PURPOSE: Historically, cancer predisposition syndromes (CPSs) were rarely established for children with cancer. This nationwide, population-based study investigated how frequently children with cancer had or were likely to have a CPS. METHODS: Children (0–17 years) in Denmark with newly diagnosed cancer were invited to participate in whole-genome sequencing of germline DNA. Suspicion of CPS was assessed according to Jongmans’/McGill Interactive Pediatric OncoGenetic Guidelines (MIPOGG) criteria and familial cancer diagnoses were verified using population-based registries. RESULTS: 198 of 235 (84.3%) eligible patients participated, of whom 94/198 (47.5%) carried pathogenic variants (PVs) in a CPS gene or had clinical features indicating CPS. Twenty-nine of 198 (14.6%) patients harbored a CPS, of whom 21/198 (10.6%) harbored a childhood-onset and 9/198 (4.5%) an adult-onset CPS. In addition, 23/198 (11.6%) patients carried a PV associated with biallelic CPS. Seven of the 54 (12.9%) patients carried two or more variants in different CPS genes.
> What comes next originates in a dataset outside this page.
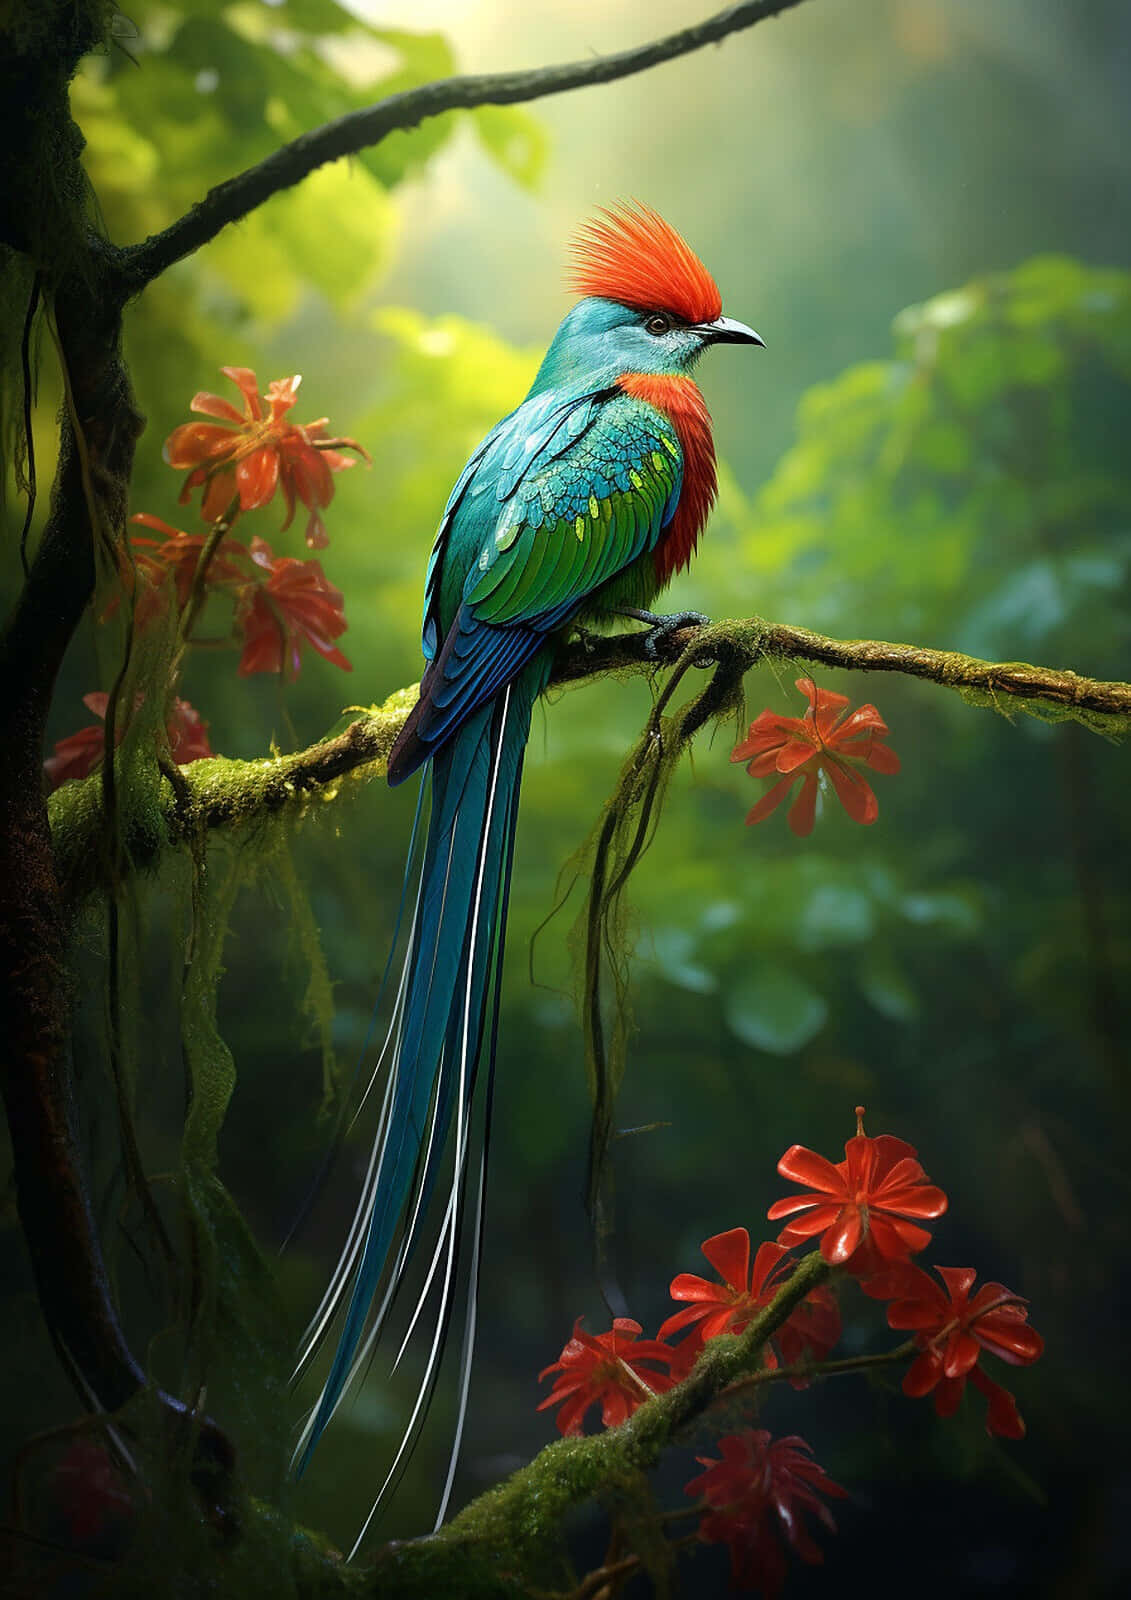 Vibrant Quetzalin Misty Forest.jpg Wallpaper

Seventy of 198 (35.4%) patients fulfilled the Jongmans’ and/or MIPOGG criteria indicating an underlying CPS, including two of the 9 (22.2%) patients with an adult-onset CPS versus 18 of the 21 (85.7%) patients with a childhood-onset CPS (p = 0.0022), eight of the additional 23 (34.8%) patients with a heterozygous PV associated with biallelic CPS, and 42 patients without PVs. Children with a central nervous system (CNS) tumor had family members with CNS tumors more frequently than patients with other cancers (11/44, p = 0.04), but 42 of 44 (95.5%) cases did not have a PV in a CPS gene. CONCLUSION: These results demonstrate the value of systematically screening pediatric cancer patients for CPSs and indicate that a higher proportion of childhood cancers may be linked to predisposing germline variants than previously supposed.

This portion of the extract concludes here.